**Work item**
The part below that opens with the line containing "Meet Herbert the" and closes with the line containing "rhoenfit_physiotherapie_bertsch_020319_04" should be copied exactly, minus any pictures.

··· Data provided ···

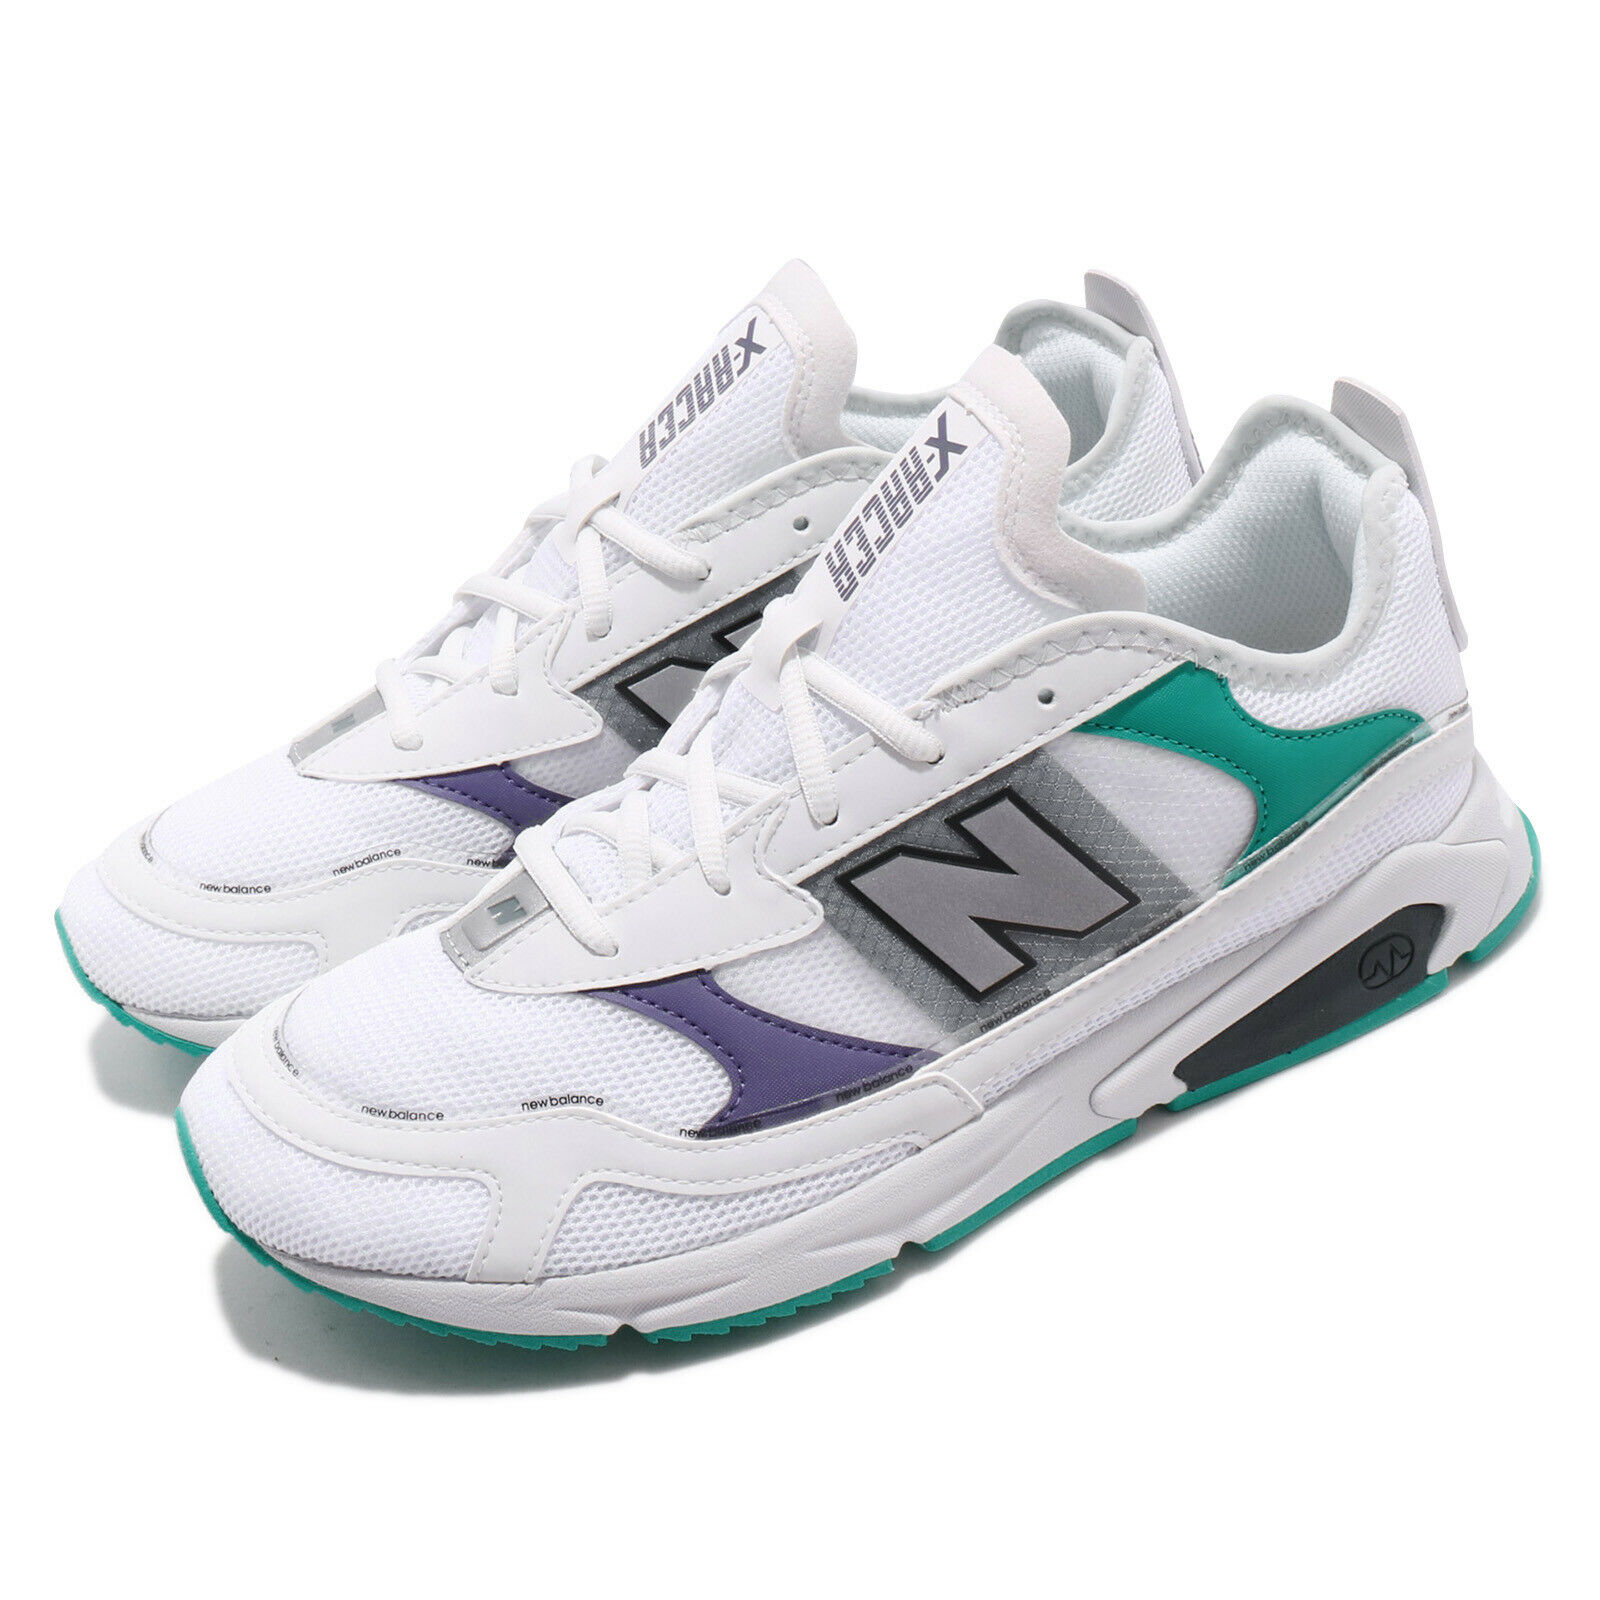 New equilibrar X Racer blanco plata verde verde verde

···
··· Data provided ···

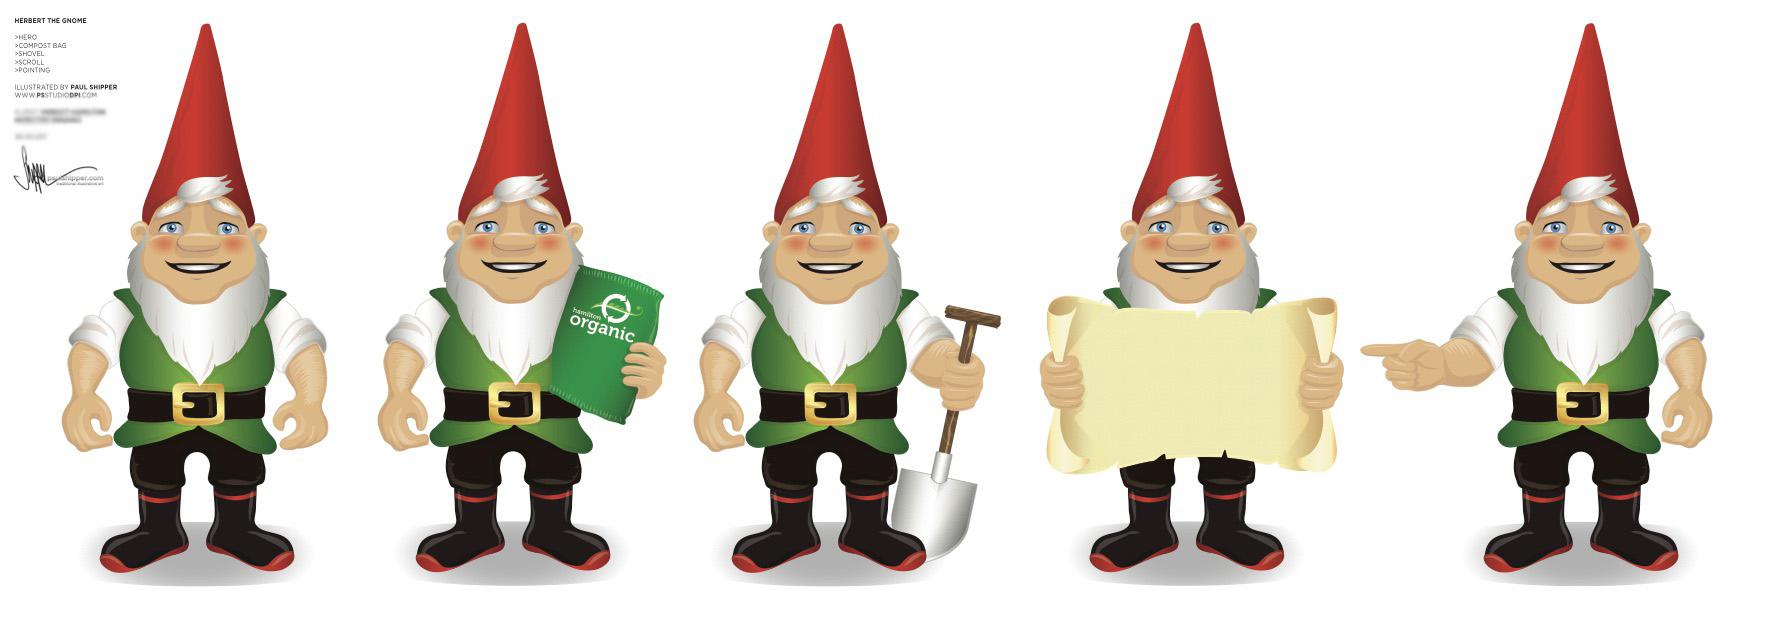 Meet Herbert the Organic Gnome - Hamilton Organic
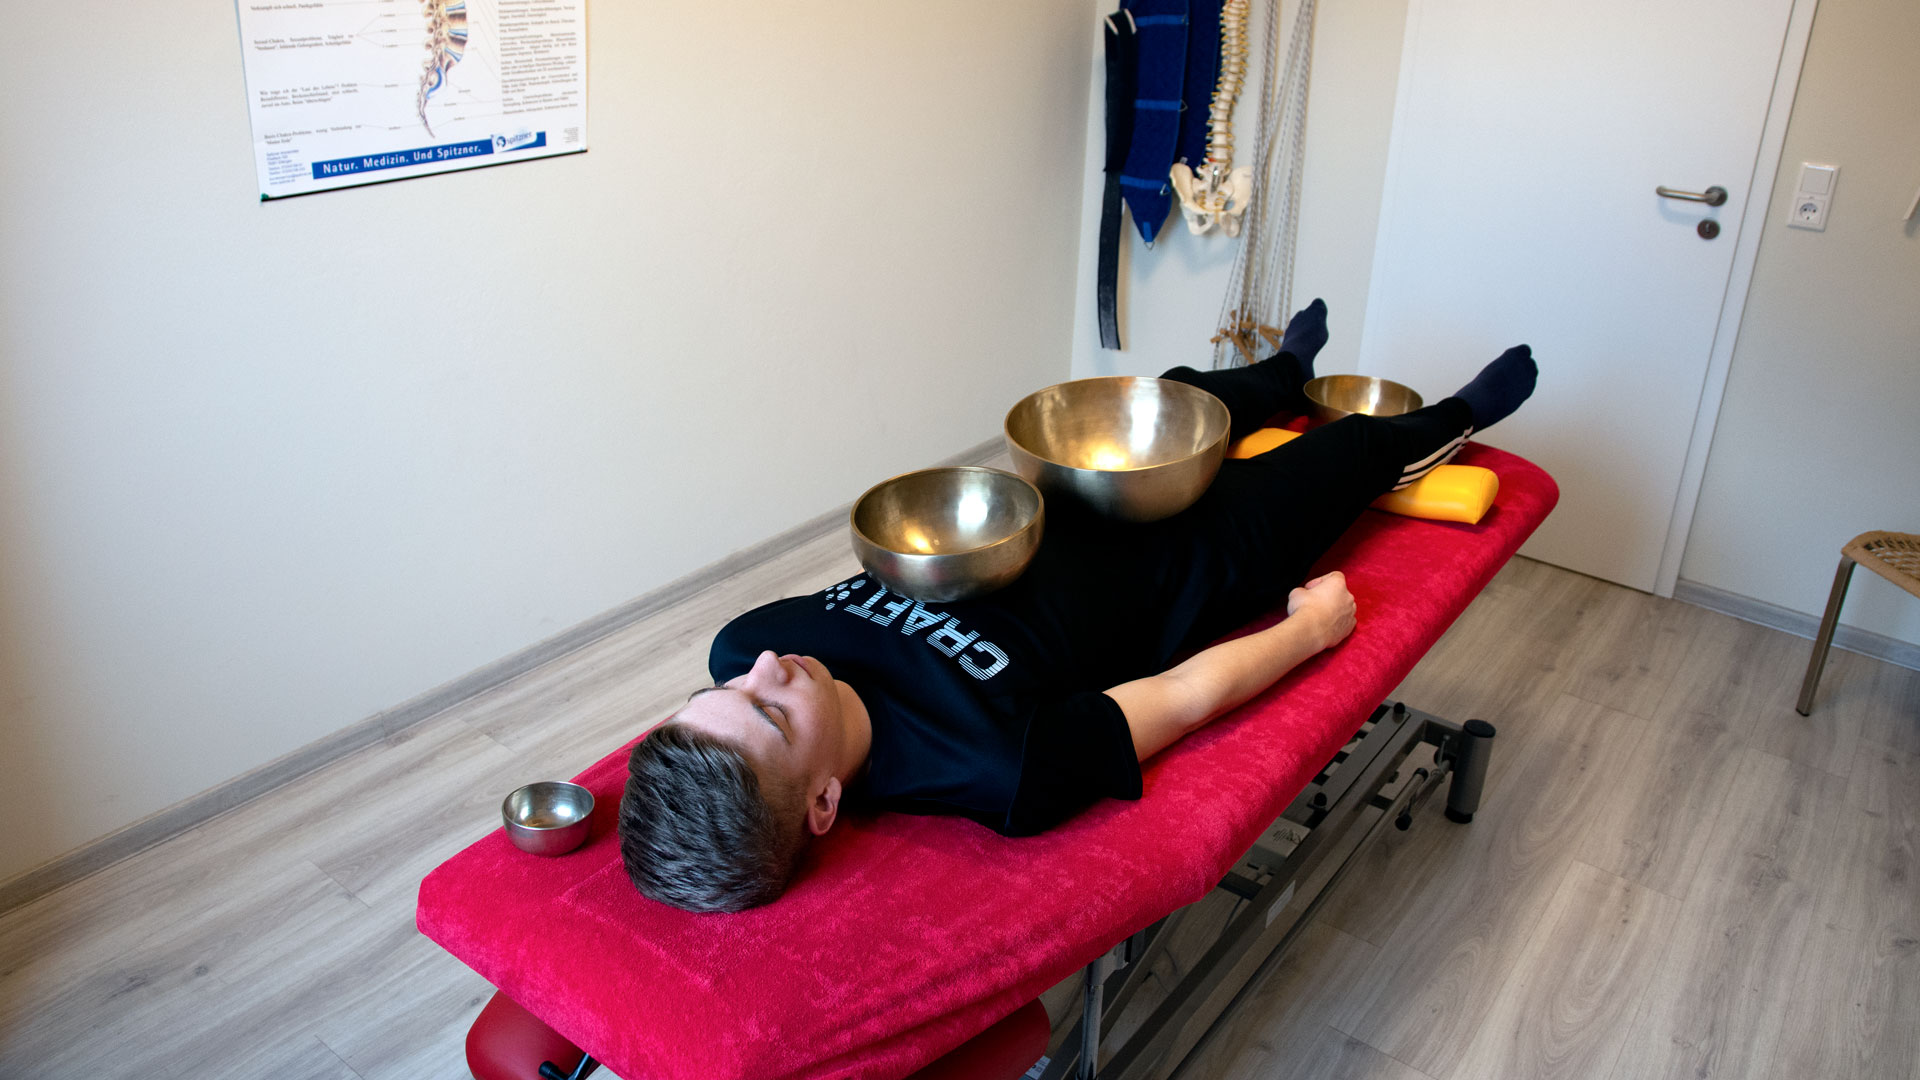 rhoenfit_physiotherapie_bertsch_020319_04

···

**Completed exercise**
 Meet Herbert the Organic Gnome - Hamilton Organic
 rhoenfit_physiotherapie_bertsch_020319_04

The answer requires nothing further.